» DATA SHOWN
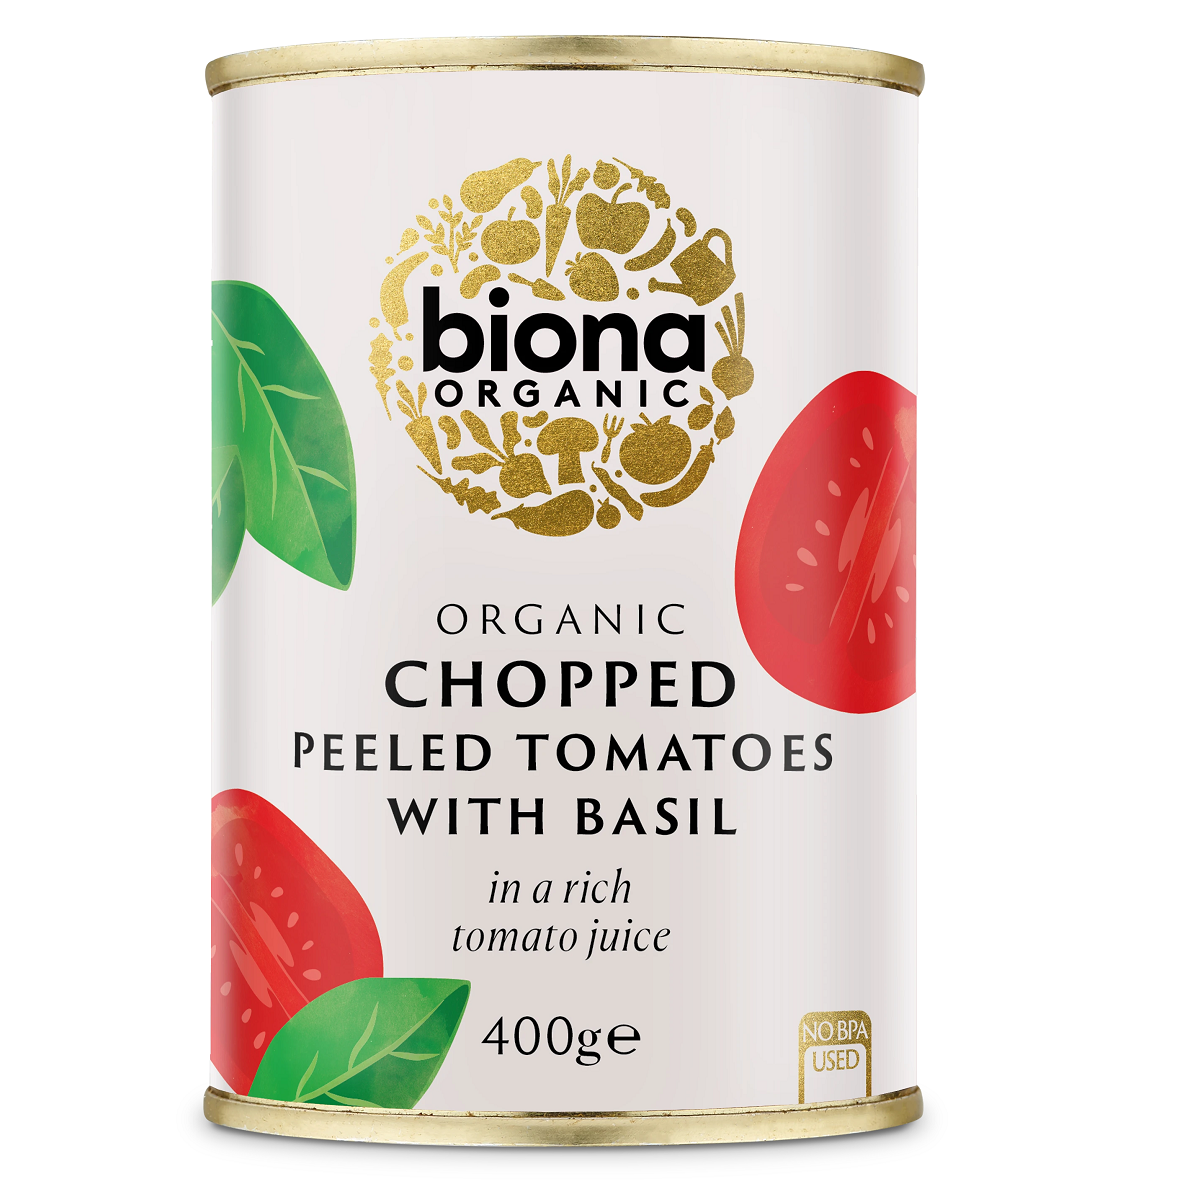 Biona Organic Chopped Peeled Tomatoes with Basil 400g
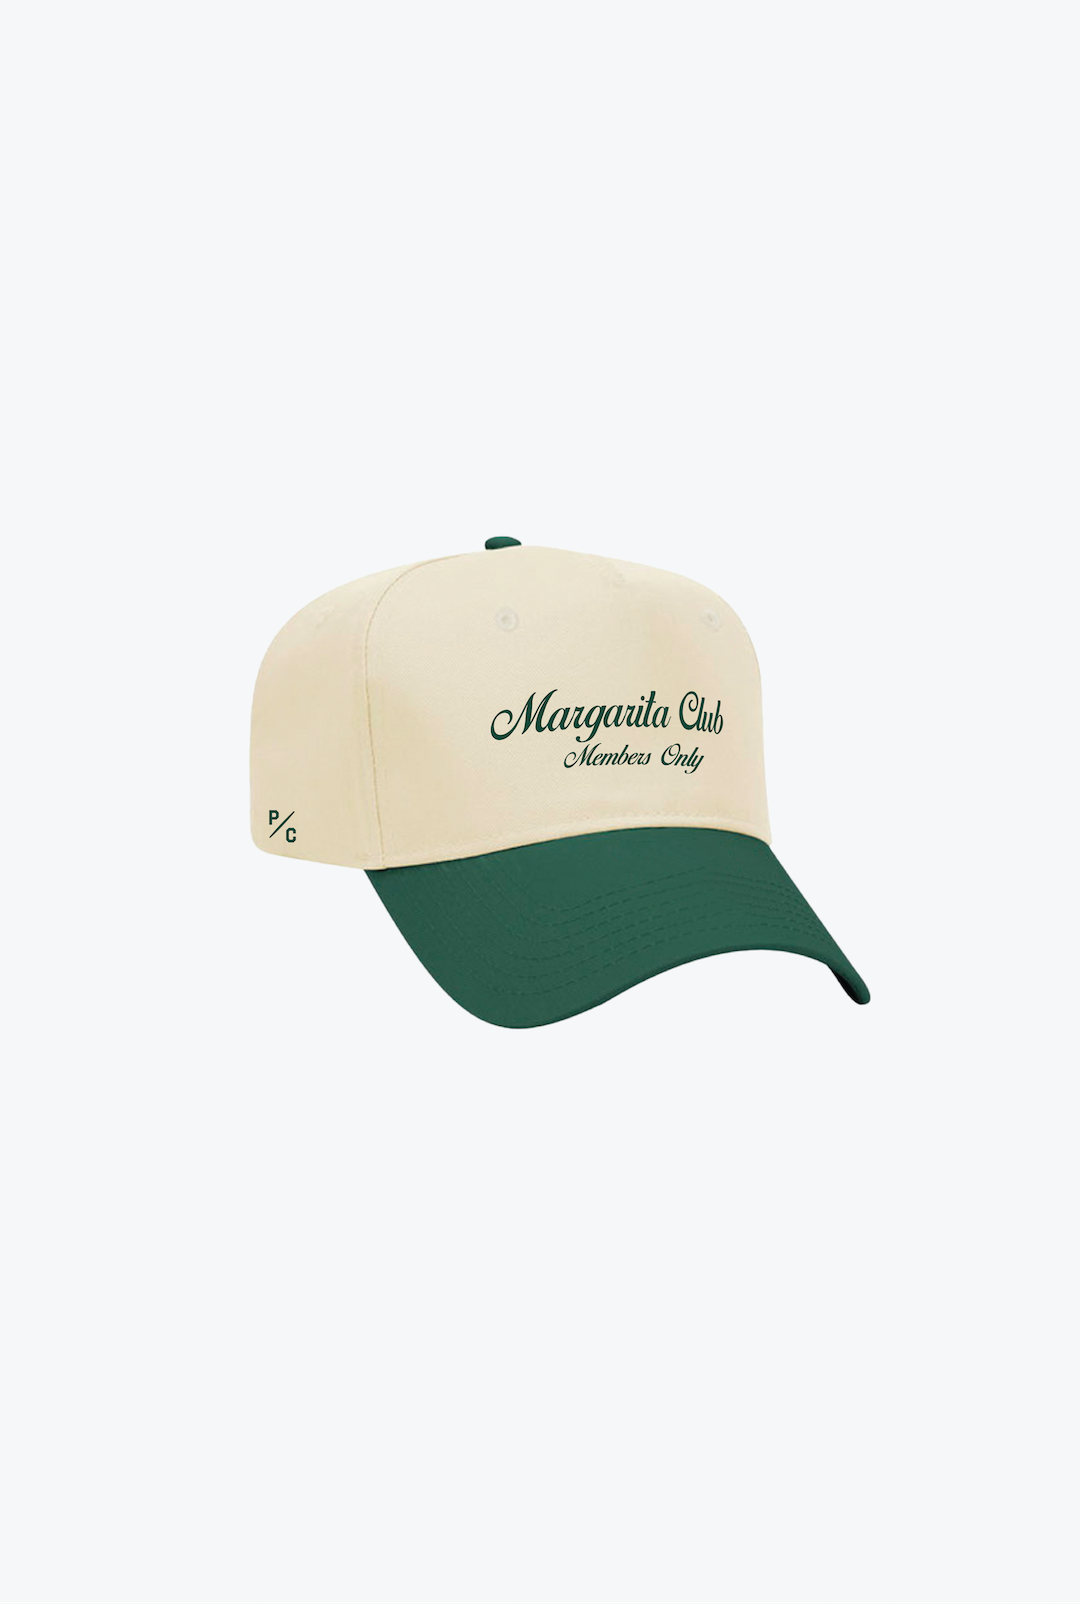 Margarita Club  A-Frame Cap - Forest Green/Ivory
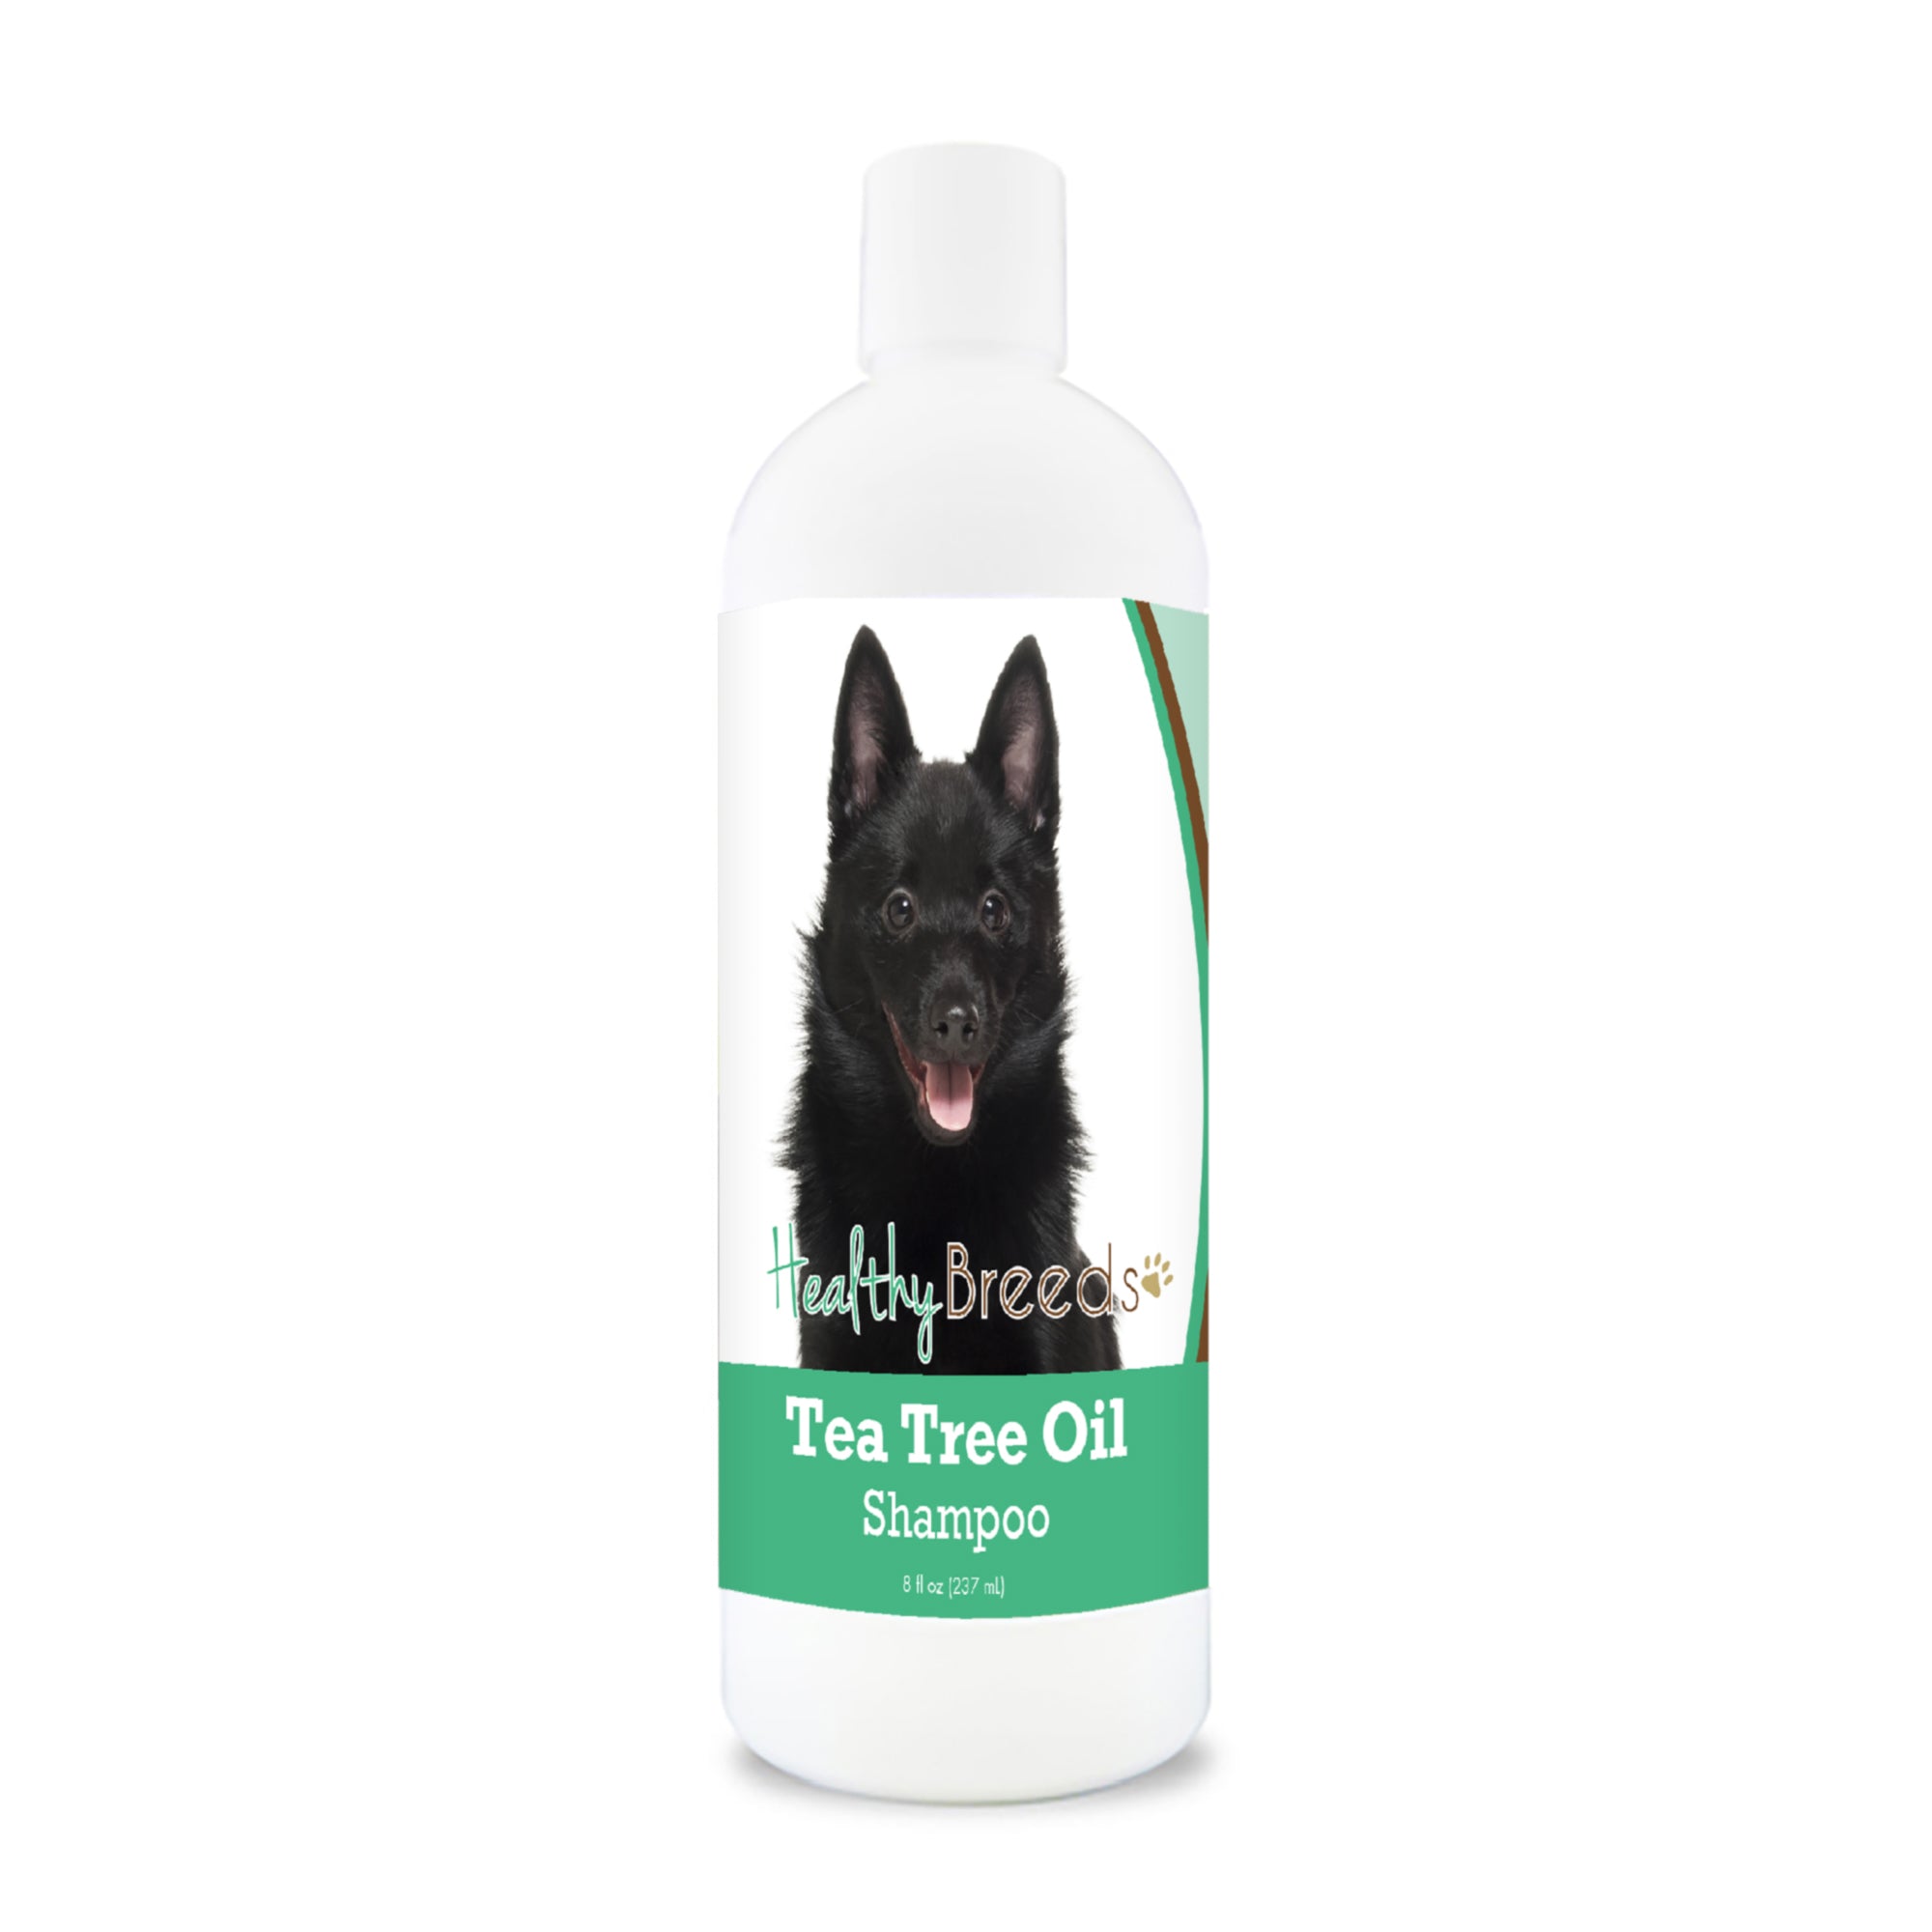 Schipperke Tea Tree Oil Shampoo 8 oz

» TASK ITEM
From the listing, extract all text exactly as given and drop any picture.

» TASK ANSWER
 Biona Organic Chopped Peeled Tomatoes with Basil 400g
 Margarita Club  A-Frame Cap - Forest Green/Ivory
 Schipperke Tea Tree Oil Shampoo 8 oz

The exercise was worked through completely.